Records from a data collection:
========

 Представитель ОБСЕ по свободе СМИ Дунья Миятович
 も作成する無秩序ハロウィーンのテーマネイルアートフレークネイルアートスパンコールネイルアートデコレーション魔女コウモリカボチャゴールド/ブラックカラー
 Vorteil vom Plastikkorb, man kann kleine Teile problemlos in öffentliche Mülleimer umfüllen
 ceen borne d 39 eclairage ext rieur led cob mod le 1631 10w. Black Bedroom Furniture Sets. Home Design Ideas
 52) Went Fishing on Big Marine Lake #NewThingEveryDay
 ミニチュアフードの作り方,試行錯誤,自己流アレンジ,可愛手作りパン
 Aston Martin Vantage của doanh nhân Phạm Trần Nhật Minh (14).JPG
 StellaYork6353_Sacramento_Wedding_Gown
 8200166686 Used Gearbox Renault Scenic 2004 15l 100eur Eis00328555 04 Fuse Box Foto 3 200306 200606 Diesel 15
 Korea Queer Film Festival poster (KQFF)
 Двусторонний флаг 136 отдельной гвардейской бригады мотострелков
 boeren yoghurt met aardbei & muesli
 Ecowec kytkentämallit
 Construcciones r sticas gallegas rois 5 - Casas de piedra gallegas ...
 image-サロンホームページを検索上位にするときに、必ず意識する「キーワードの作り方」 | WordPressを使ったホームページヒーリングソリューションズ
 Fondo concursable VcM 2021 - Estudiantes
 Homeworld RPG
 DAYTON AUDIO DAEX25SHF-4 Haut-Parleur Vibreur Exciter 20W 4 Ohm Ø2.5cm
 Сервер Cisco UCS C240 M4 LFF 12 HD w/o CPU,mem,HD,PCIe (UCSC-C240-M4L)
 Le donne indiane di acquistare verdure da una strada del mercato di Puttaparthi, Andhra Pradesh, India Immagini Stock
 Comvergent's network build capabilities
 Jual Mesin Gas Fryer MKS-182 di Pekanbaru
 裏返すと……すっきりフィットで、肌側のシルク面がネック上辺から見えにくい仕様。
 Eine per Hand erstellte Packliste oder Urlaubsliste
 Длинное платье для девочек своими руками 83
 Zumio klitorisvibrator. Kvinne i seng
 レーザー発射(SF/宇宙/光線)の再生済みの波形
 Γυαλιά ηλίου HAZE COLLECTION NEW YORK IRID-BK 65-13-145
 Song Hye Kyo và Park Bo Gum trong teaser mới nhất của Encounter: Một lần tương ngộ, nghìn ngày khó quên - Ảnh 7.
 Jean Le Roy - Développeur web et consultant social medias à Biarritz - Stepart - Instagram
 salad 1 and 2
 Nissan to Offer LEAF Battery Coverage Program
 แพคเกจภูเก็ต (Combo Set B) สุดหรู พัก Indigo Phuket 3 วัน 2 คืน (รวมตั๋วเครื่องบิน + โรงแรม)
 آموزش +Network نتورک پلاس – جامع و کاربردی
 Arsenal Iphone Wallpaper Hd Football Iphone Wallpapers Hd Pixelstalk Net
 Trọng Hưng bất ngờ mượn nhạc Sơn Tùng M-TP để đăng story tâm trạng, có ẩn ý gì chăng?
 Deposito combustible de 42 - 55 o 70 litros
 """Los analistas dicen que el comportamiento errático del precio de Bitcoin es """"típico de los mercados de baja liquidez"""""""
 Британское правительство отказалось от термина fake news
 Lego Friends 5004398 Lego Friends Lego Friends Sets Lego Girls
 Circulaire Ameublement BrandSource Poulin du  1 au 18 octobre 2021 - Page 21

========

EXERCISE: Each line from the one containing "Trọng Hưng bất" to the final line above should be written out exactly; please omit the others.

ANSWER:
 Trọng Hưng bất ngờ mượn nhạc Sơn Tùng M-TP để đăng story tâm trạng, có ẩn ý gì chăng?
 Deposito combustible de 42 - 55 o 70 litros
 """Los analistas dicen que el comportamiento errático del precio de Bitcoin es """"típico de los mercados de baja liquidez"""""""
 Британское правительство отказалось от термина fake news
 Lego Friends 5004398 Lego Friends Lego Friends Sets Lego Girls
 Circulaire Ameublement BrandSource Poulin du  1 au 18 octobre 2021 - Page 21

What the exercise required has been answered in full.